**Description of the task**
Please retype the data below line for line and leave out every picture.

**Source data**
......
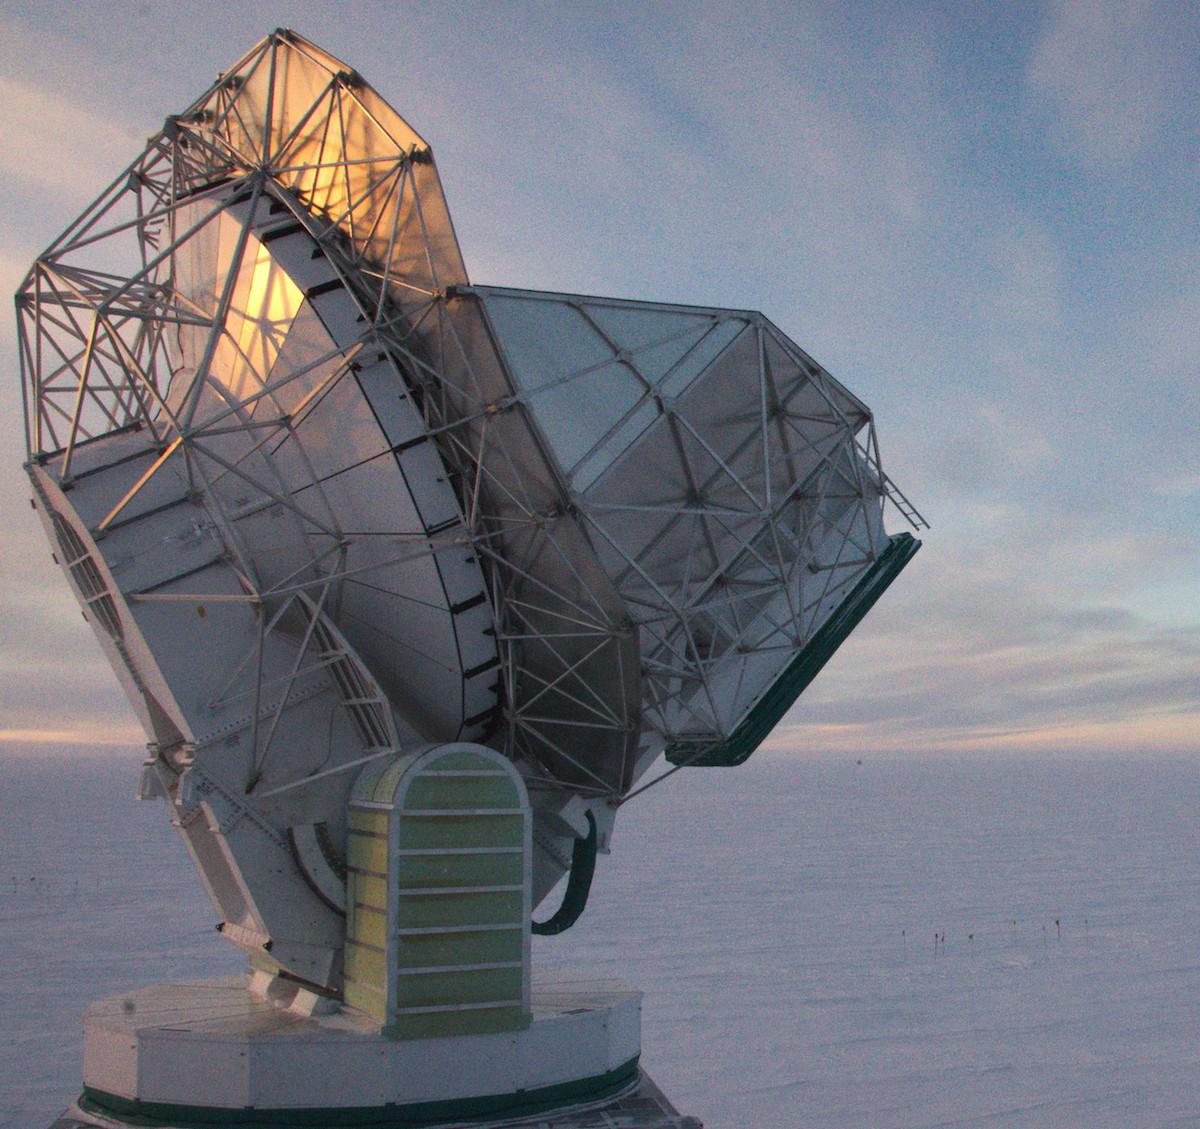 South Pole Telescope Wikipedia
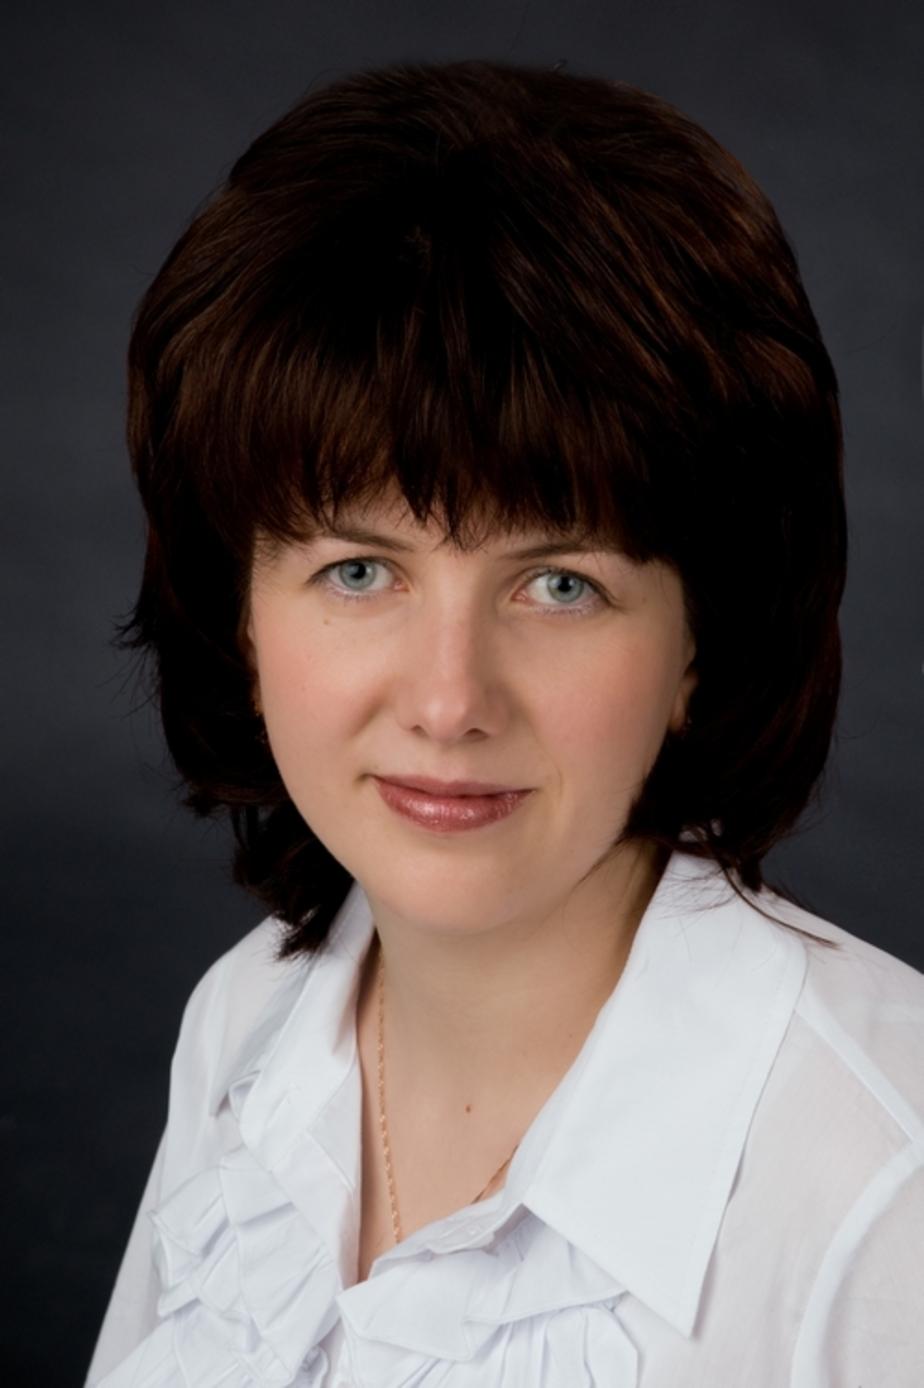 Директор юридического бюро Вероника Королёва: Если муж не платит алименты - Новости Калининграда
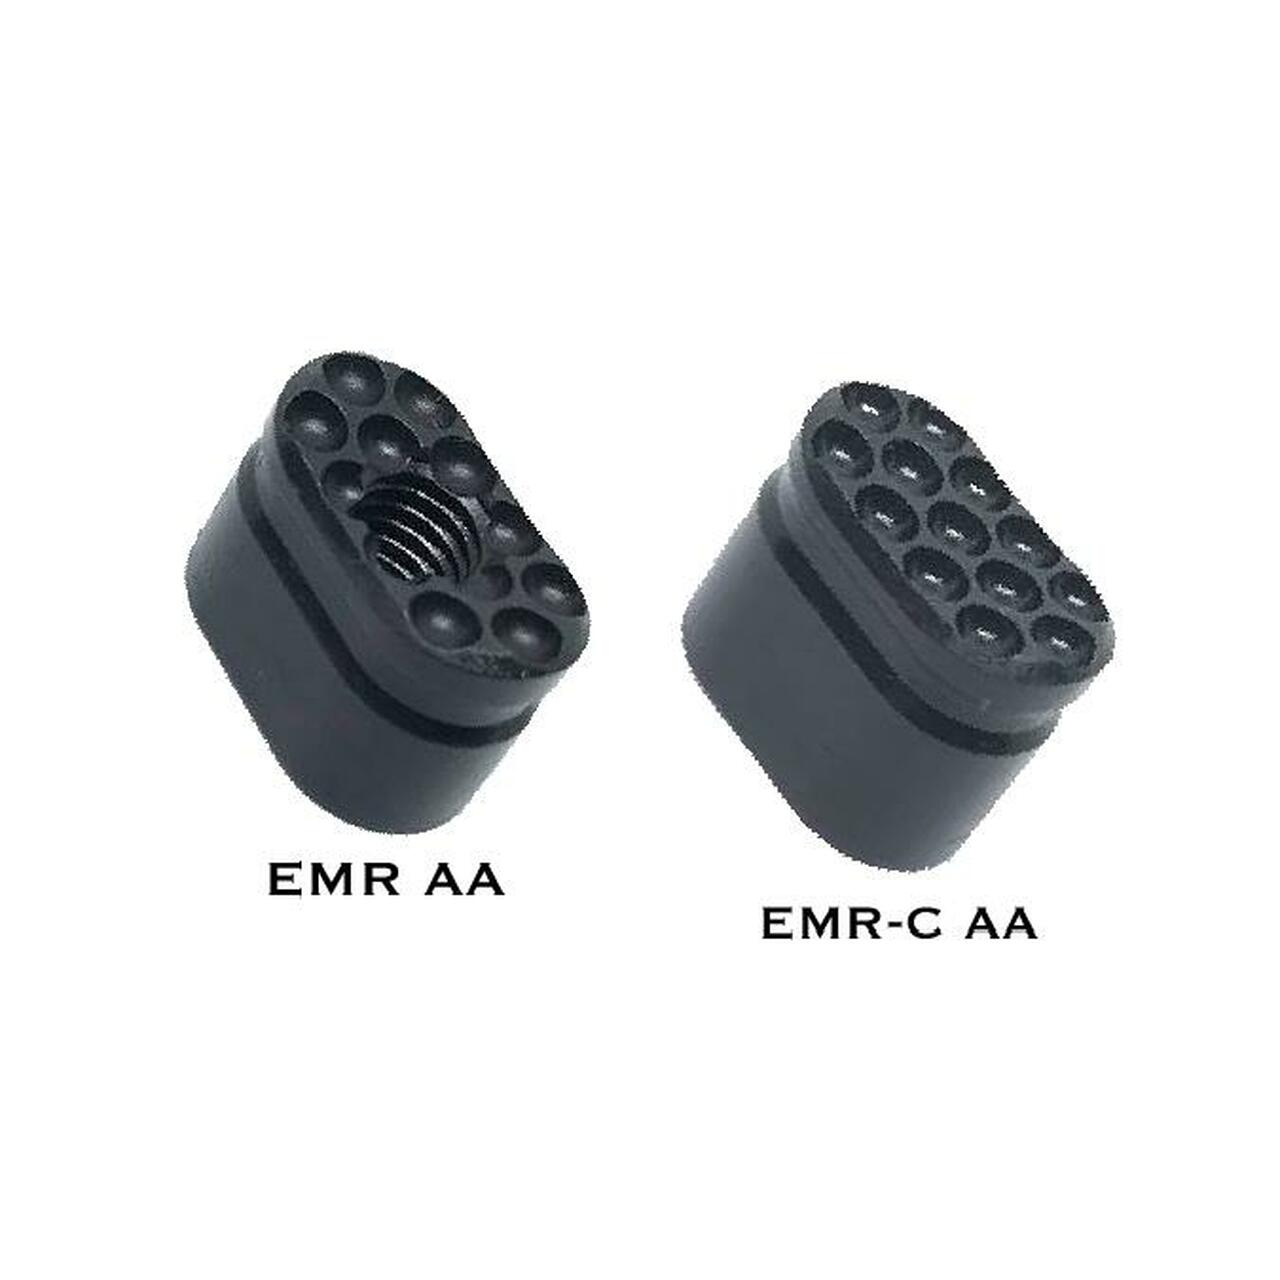 Forward Controls Design Enhanced Magazine Release (EMR) AA
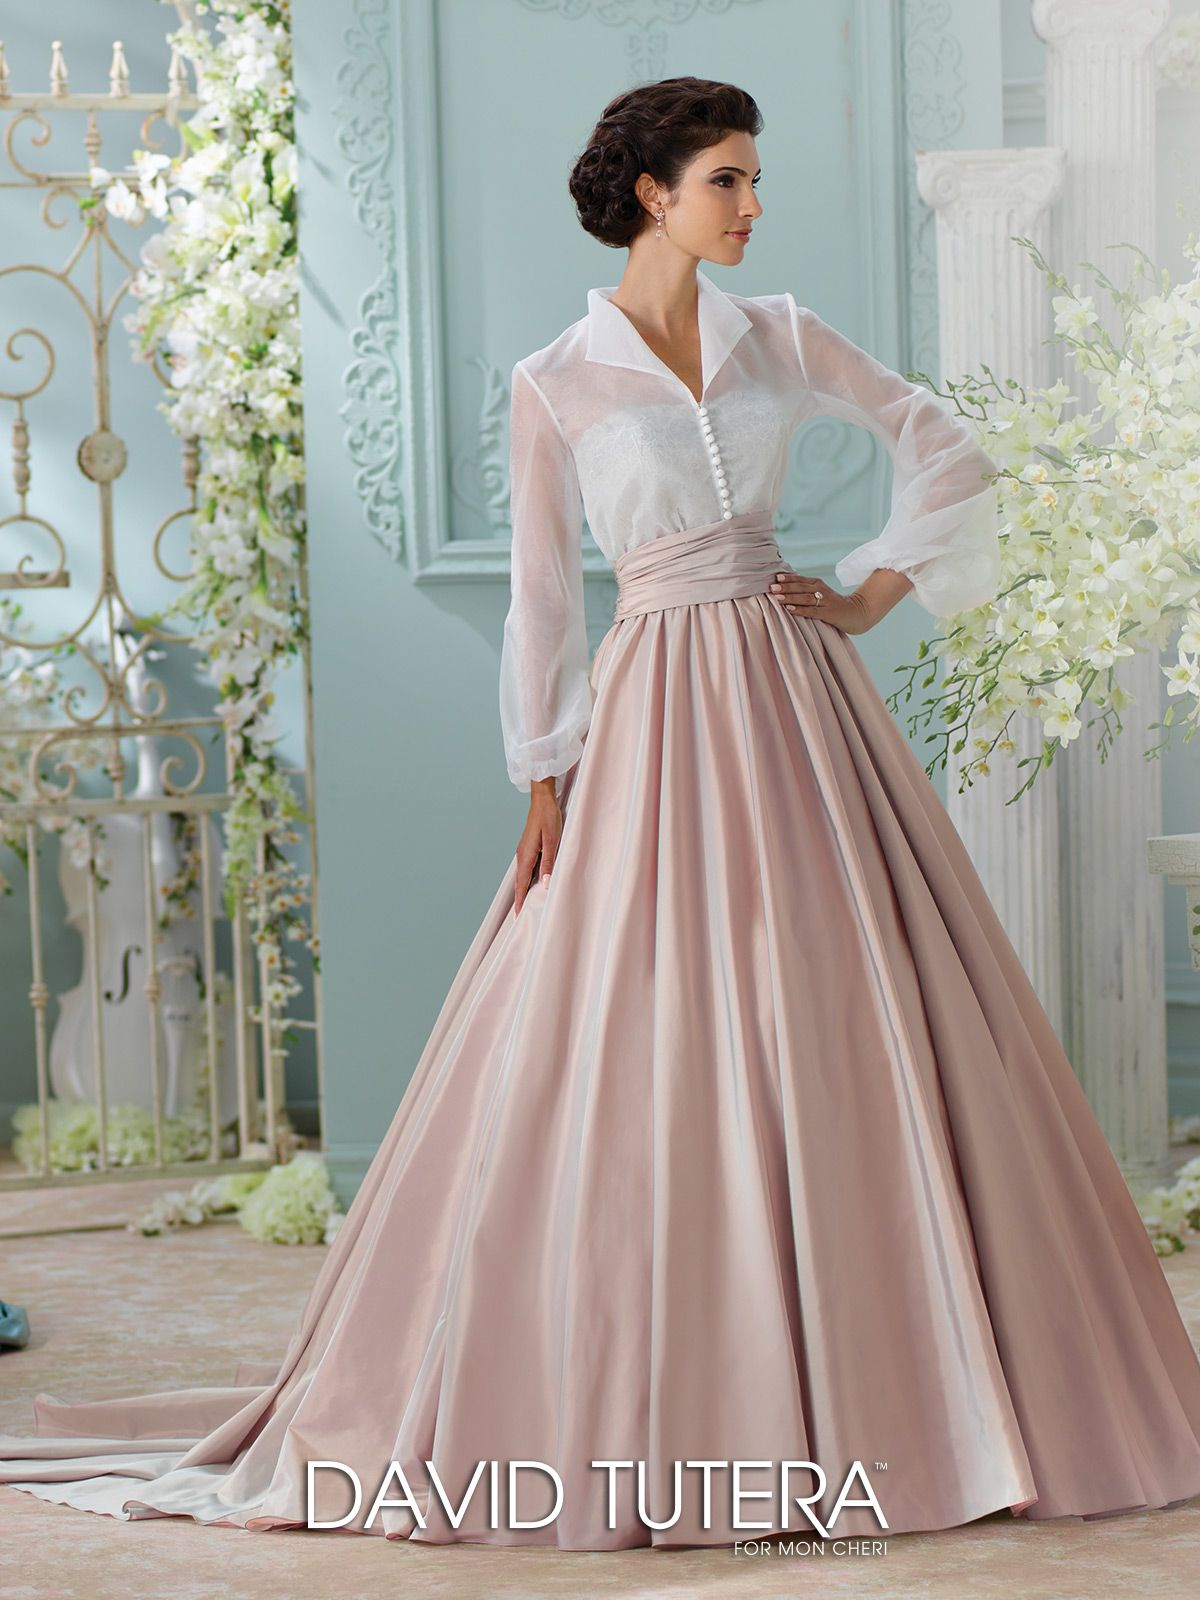 Wedding Dresses 2017 & Spring 2018 | Taffeta skirt, Lace bodice and ...
......
**Result of the exercise**
 South Pole Telescope Wikipedia
 Директор юридического бюро Вероника Королёва: Если муж не платит алименты - Новости Калининграда
 Forward Controls Design Enhanced Magazine Release (EMR) AA
 Wedding Dresses 2017 & Spring 2018 | Taffeta skirt, Lace bodice and ...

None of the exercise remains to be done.